Лида не задумываясь выпалила:

– Шахтеры!

– Хлеборобы, моя хорошая, хлеборобы и шахтеры – самые главные люди на земле. Никто без них не проживет. А телефоны ставят большим начальникам. Чтобы им командовать было удобнее.

– А… – огорчилась Лида.

– Не переживай, выбьем мы телефон себе в Волчью балку. Давай, егоза, иди спать.

Лида немного поныла, что хочет уже домой, получила заверения, что завтра днем поедут, ее окликнули, она убежала. Вышел Степан Данилович. Затянулся папиросой.

– И что, зятек, часто у вас веселые истории случаются?

– По-всякому. Клети редко обрываются. Два случая на моей памяти. А завалы частенько.

– Как же тот Вася выбрался?

– Он сам не помнит. Очнулся. Ничего не понял, в голове гудит. Он и пошел домой. Видимо при ударе клети о стену его выбросило. А может товарищи выпихнули. Хотя, не представляю, как такое возможно.

– А они все погибли?

– А то! Семьсот метров глубины.

– Это же головы полетели за недосмотр.

Они помолчали, Степан Данилович докурил и ушел. Из дверей показались Родион с женой.

– Та мы в машине заночуем. – Услышал Мотька. – Мы привычные.

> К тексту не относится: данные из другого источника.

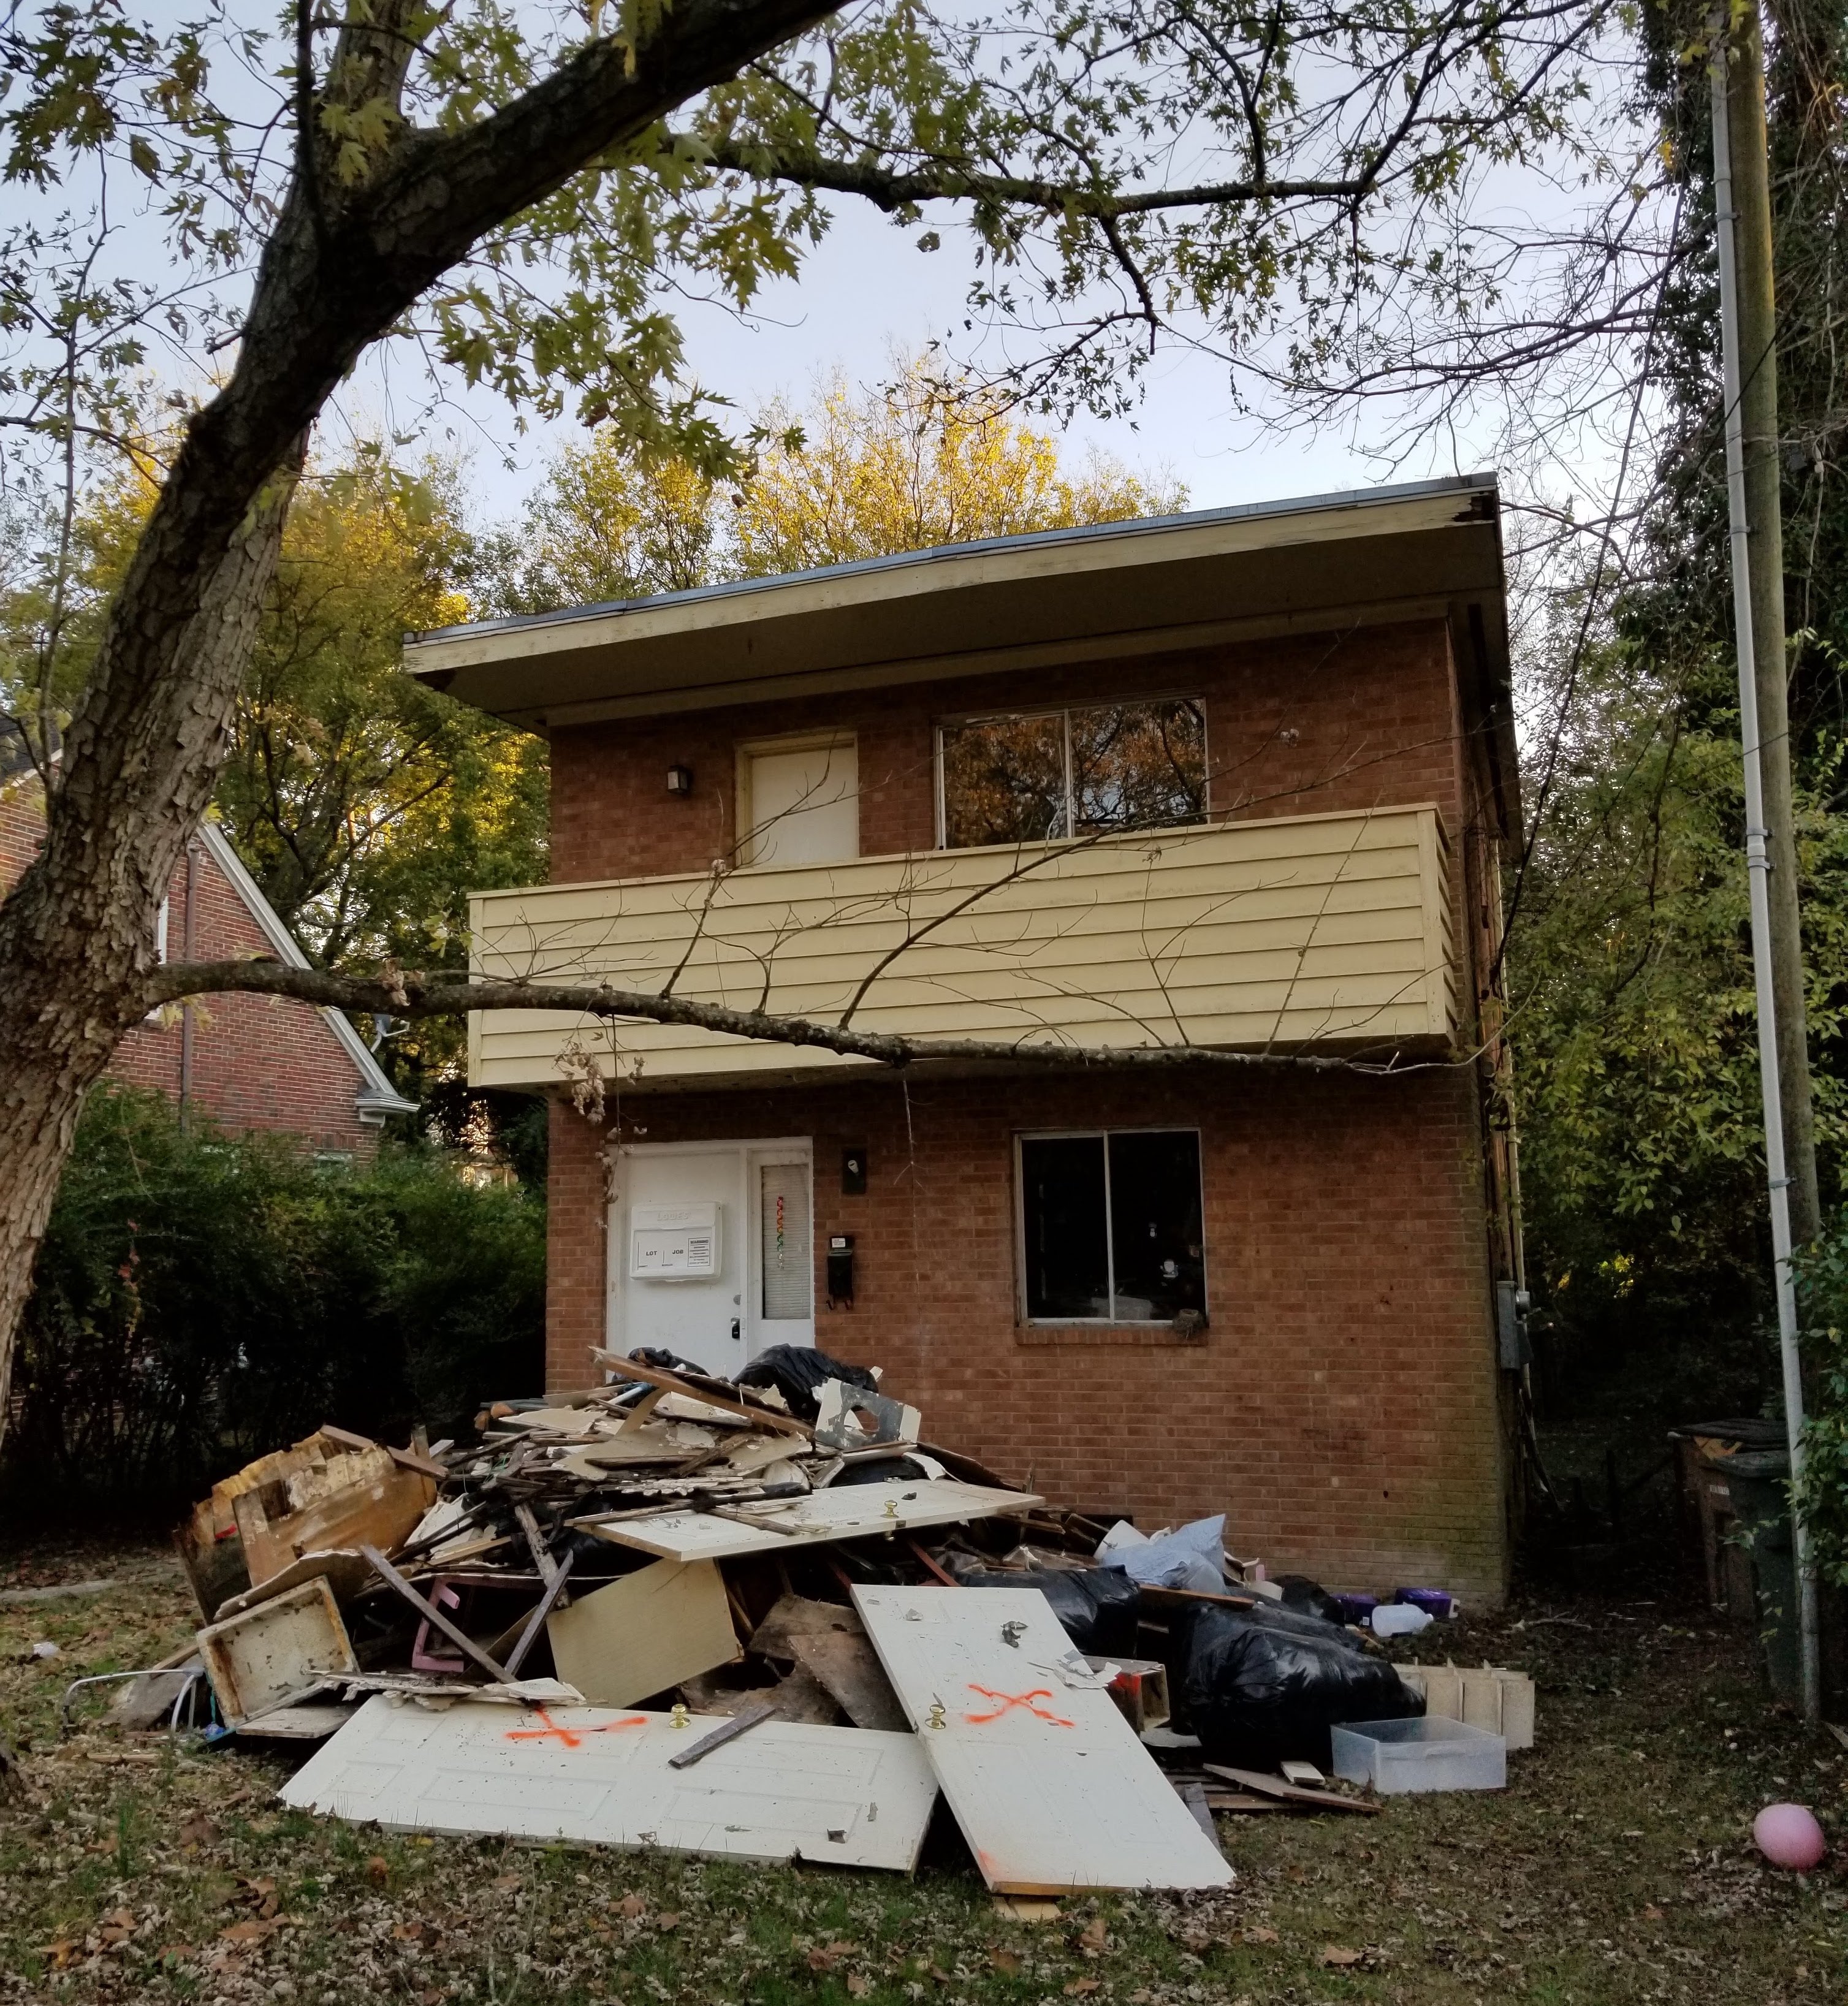 the same house, with a large pile of debris in the front yard

– Ну смотрите, – ответил им мужчина в светлом костюме.

Родион заметил Мотьку. Опять потрепал по голове. Обернулся к жене:

– Та давай роди мне такого хлопца смышленого, как Митрофан. Вырастет – в шахту пойдет, династия будет.

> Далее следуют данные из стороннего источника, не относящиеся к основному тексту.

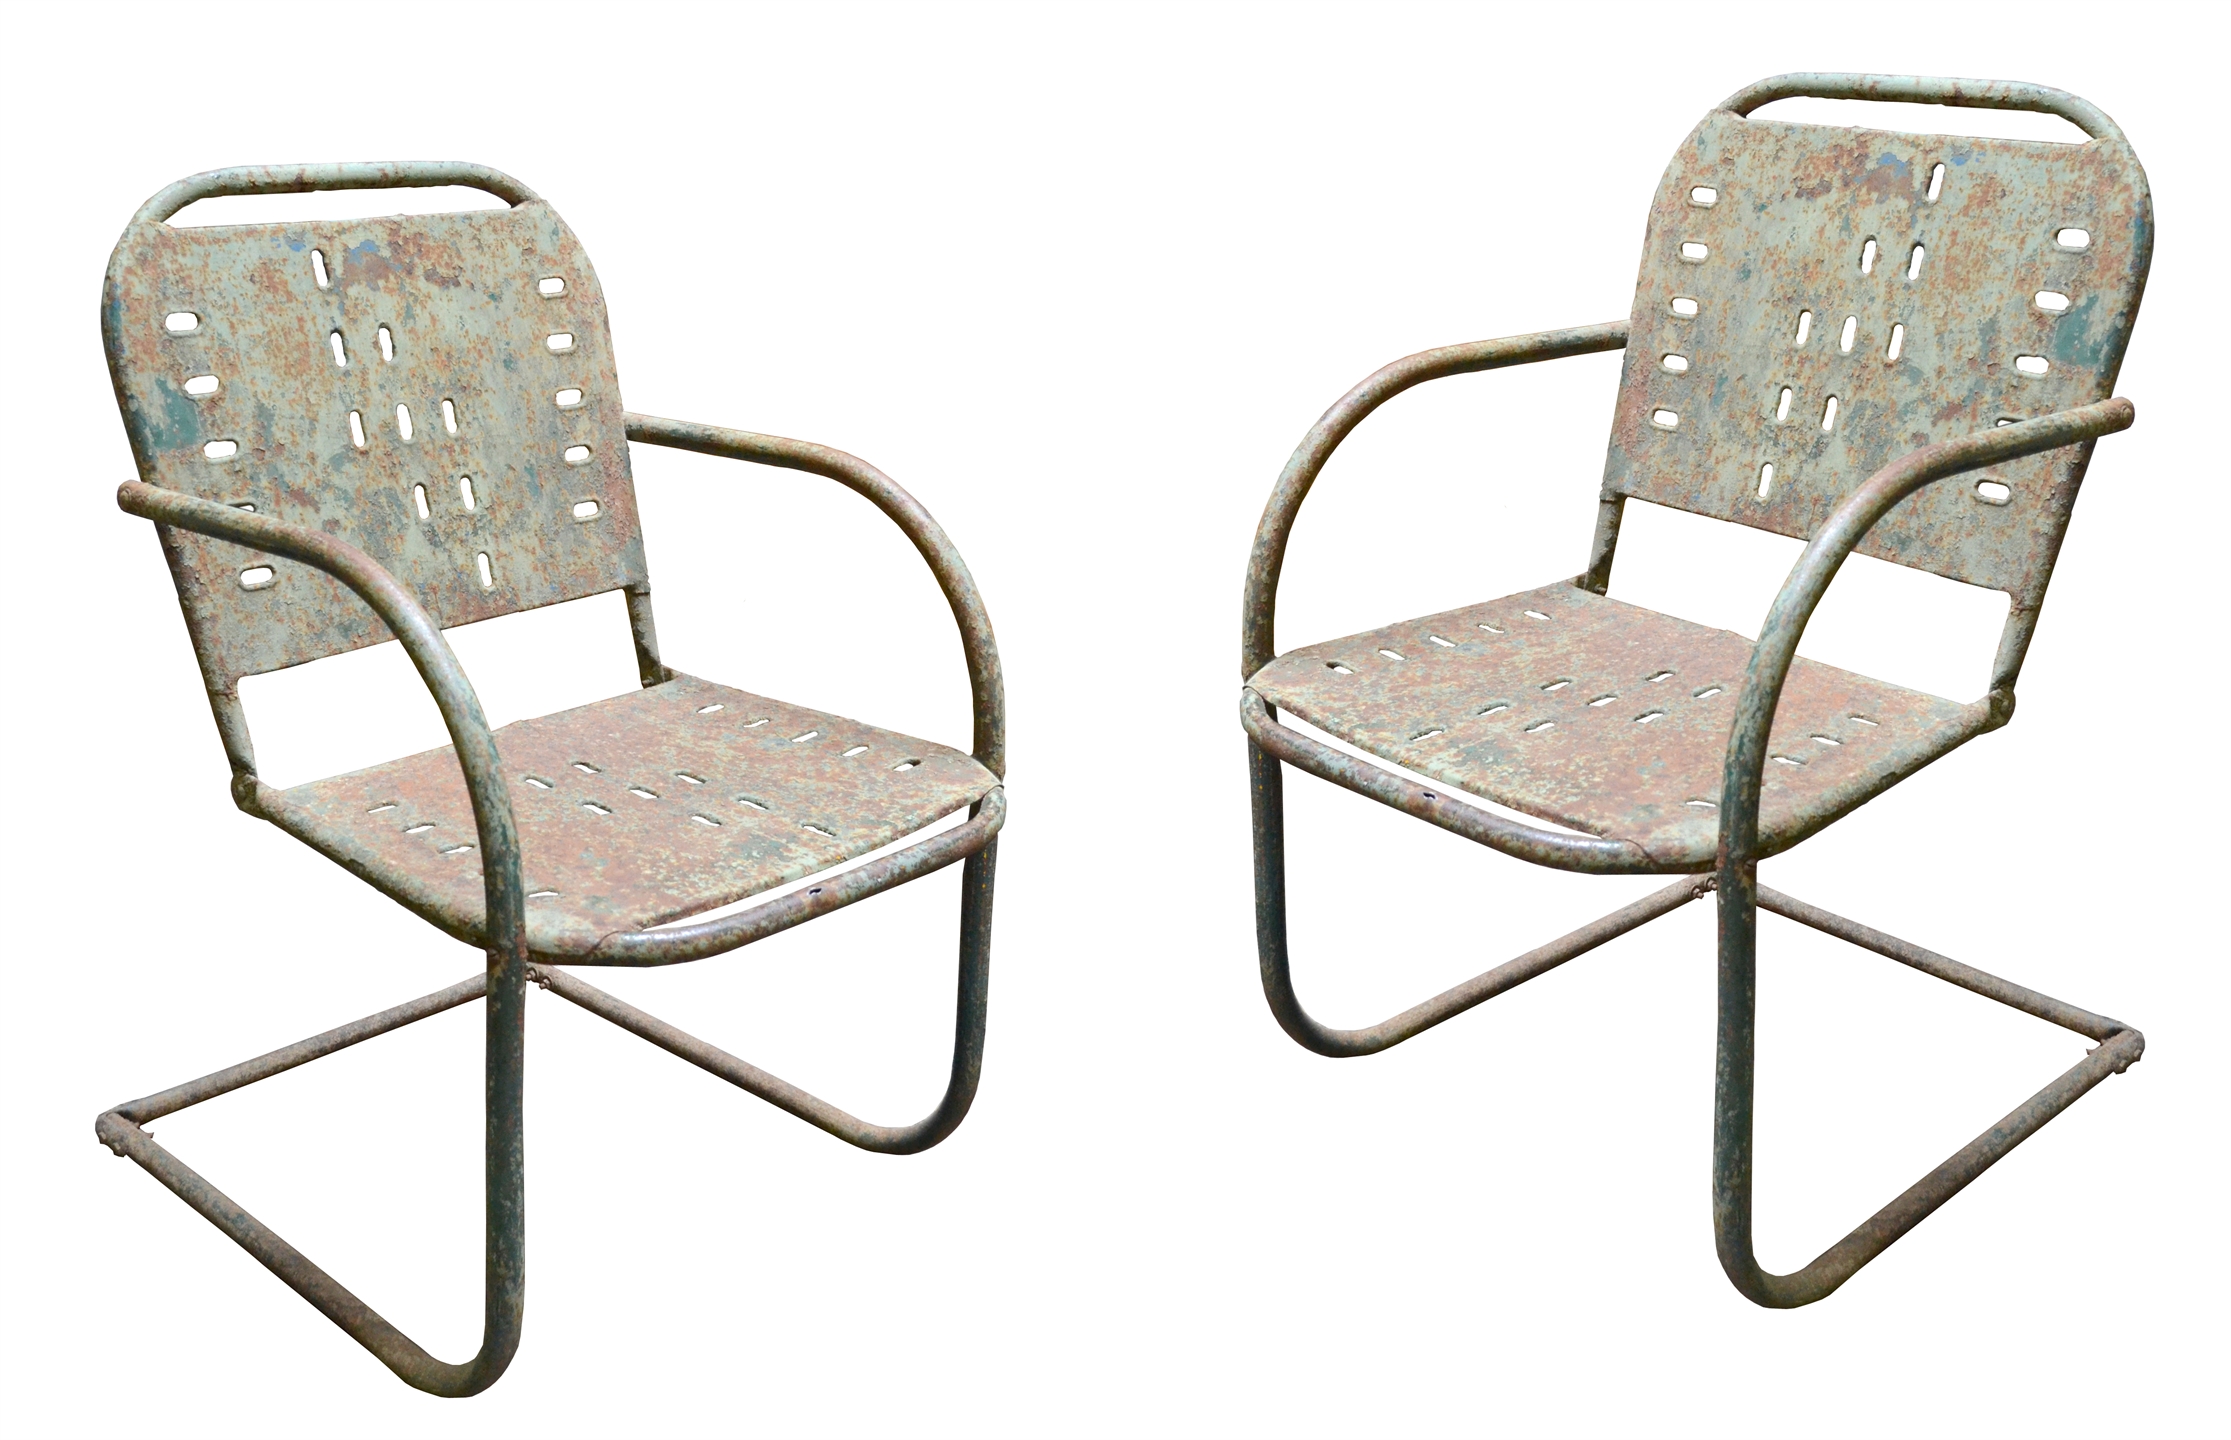 mb/3082 - Pair of Rustic Green Chairs

– Все б вам шахта. Может, сын кем другим захочет стать, – проворчала она.

– Кем же еще? – удивился Родион.

Они забрались внутрь. Повозились, устраиваясь и говоря шепотом друг другу ласковые слова, и замерли.

Погасли в доме огни. А мужчина в светлом костюме все сидел на верхней ступеньке крыльца и смотрел куда-то вдаль. Мотька поднялся к нему и присел рядом. Взглянул в небо и ахнул. Над ними нависла черная бархатная бездна, ни облачка, ни света от тусклого месяца, только миллиарды мерцающих звезд…

– Ну беги уже домой, Митрофан, а то от матери влетит.

От матери не влетело, она, наоборот, набросилась с расспросами. Ей уже соседки доложили, где и с кем провел Мотька этот день. Жадно выпытывала. Мотька, как запомнил, даже пересказал веселую историю. Мать заметила:

– Говорят, раскулаченный, а надо же, как хорошо жизнь у него обернулась, устроился.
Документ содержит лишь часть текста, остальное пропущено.